_Recorded information_.
○ ○ ○ ○ ○ ○ ○
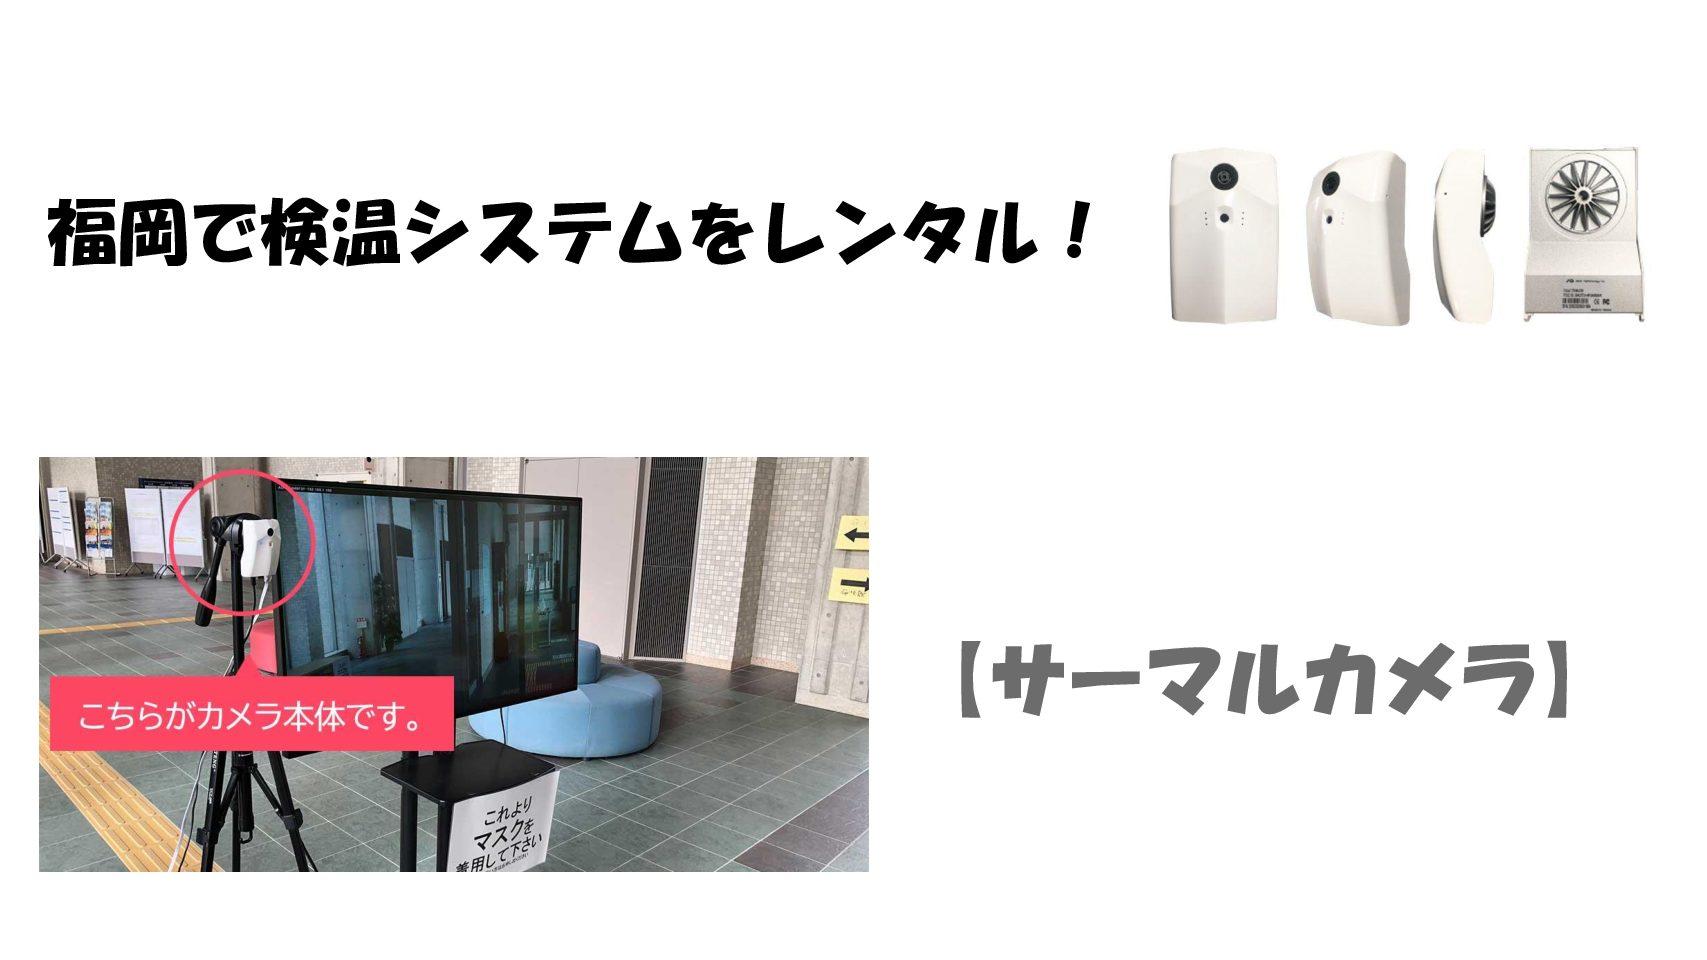 福岡で検温システムをレンタル
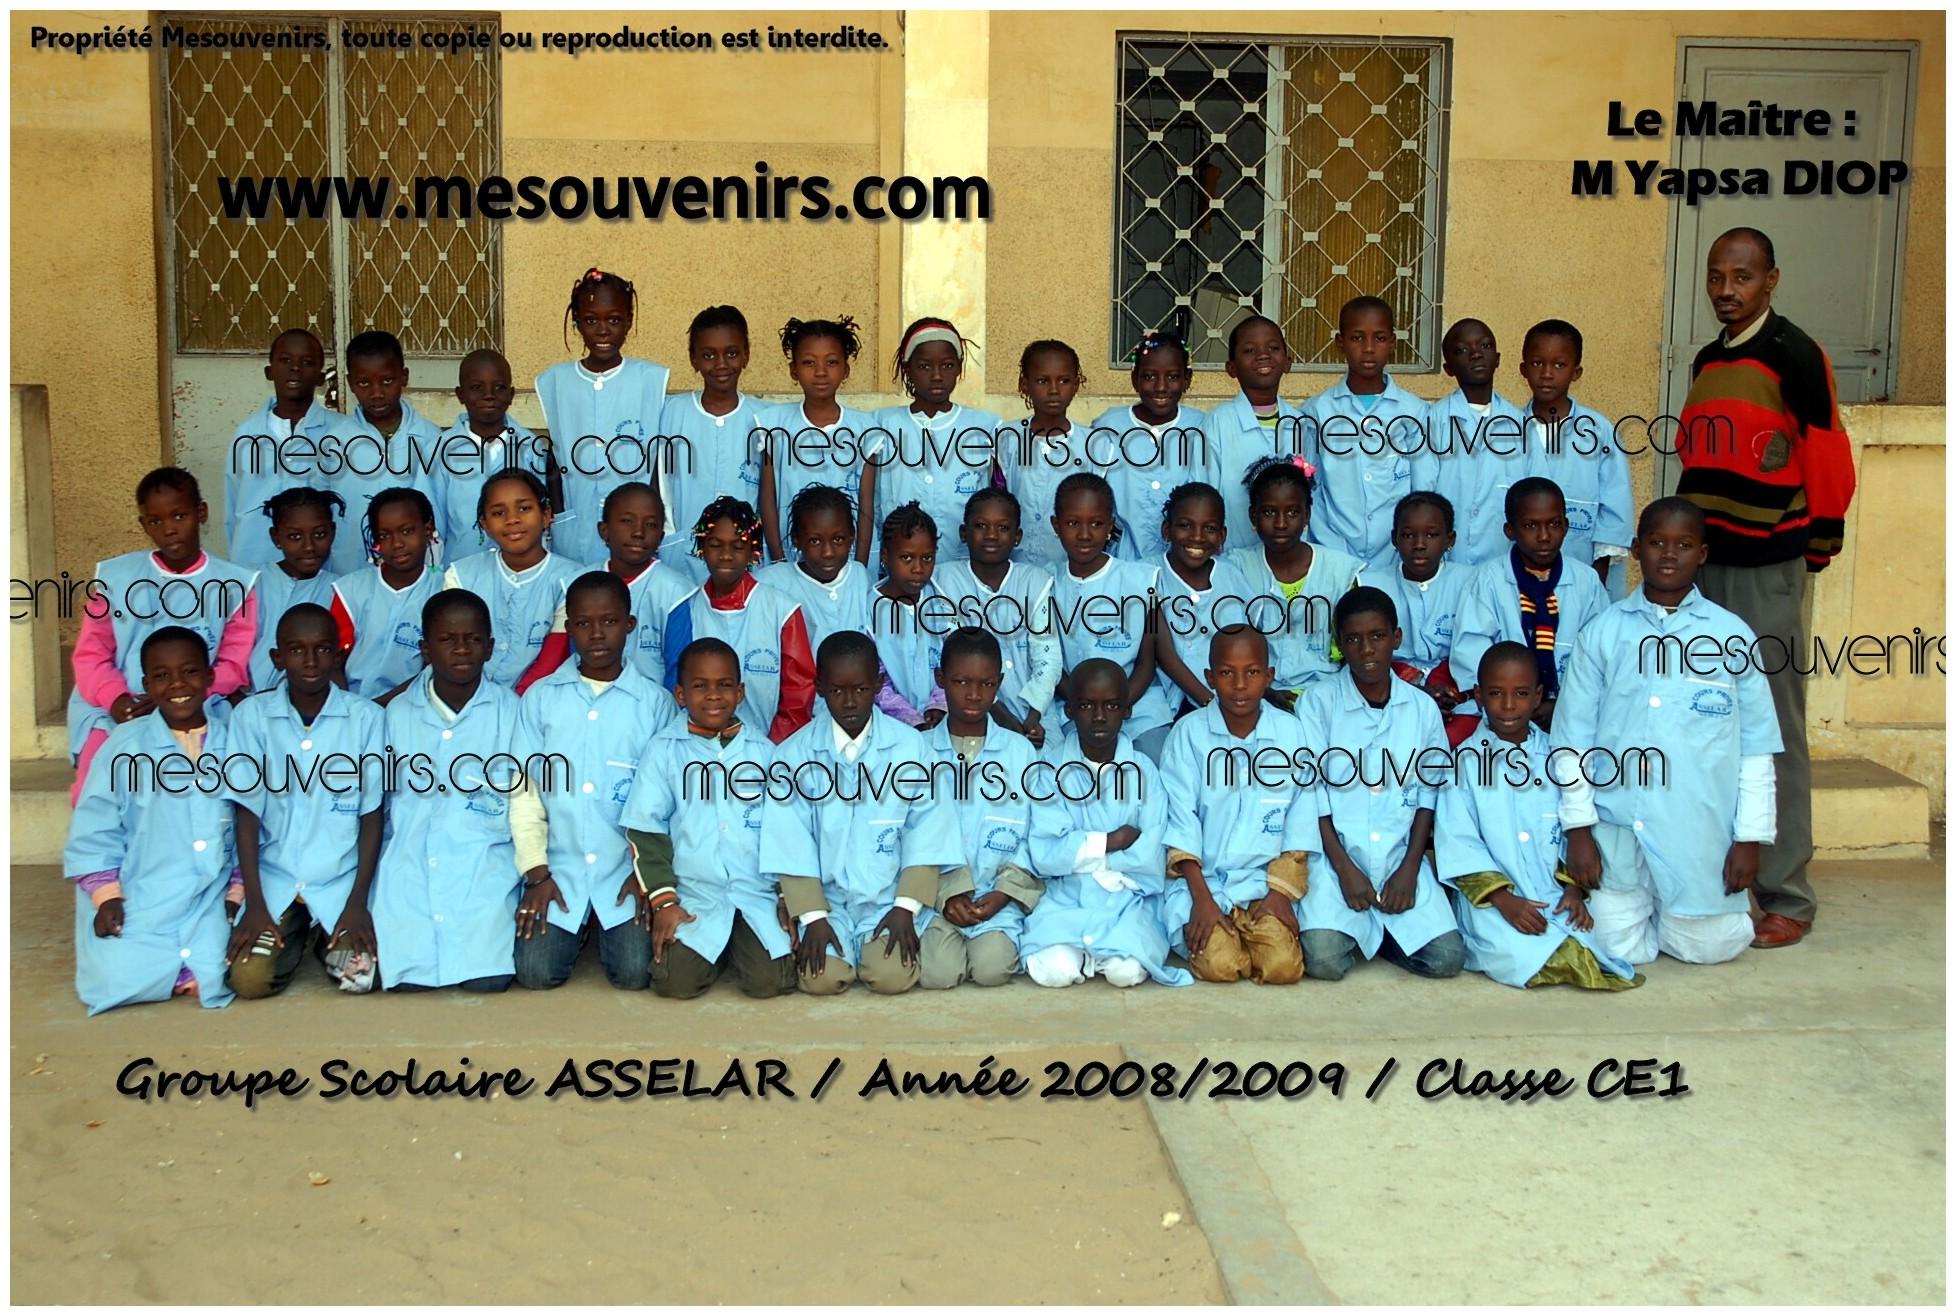 ASSELAR 2008 2009 CE 1
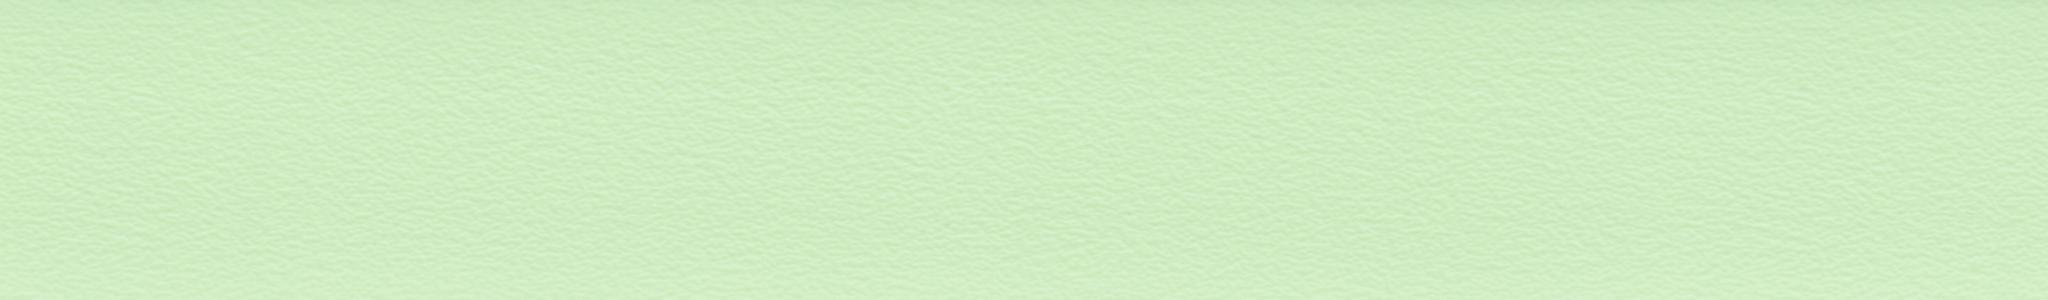 HU 160610 ABS hrana zelená světlá perla 101
○ ○ ○ ○ ○ ○ ○
_Task goal_. Down to the last line, print the material exactly, but not its pictures.

_Answer for the task_.
 福岡で検温システムをレンタル
 ASSELAR 2008 2009 CE 1
 HU 160610 ABS hrana zelená světlá perla 101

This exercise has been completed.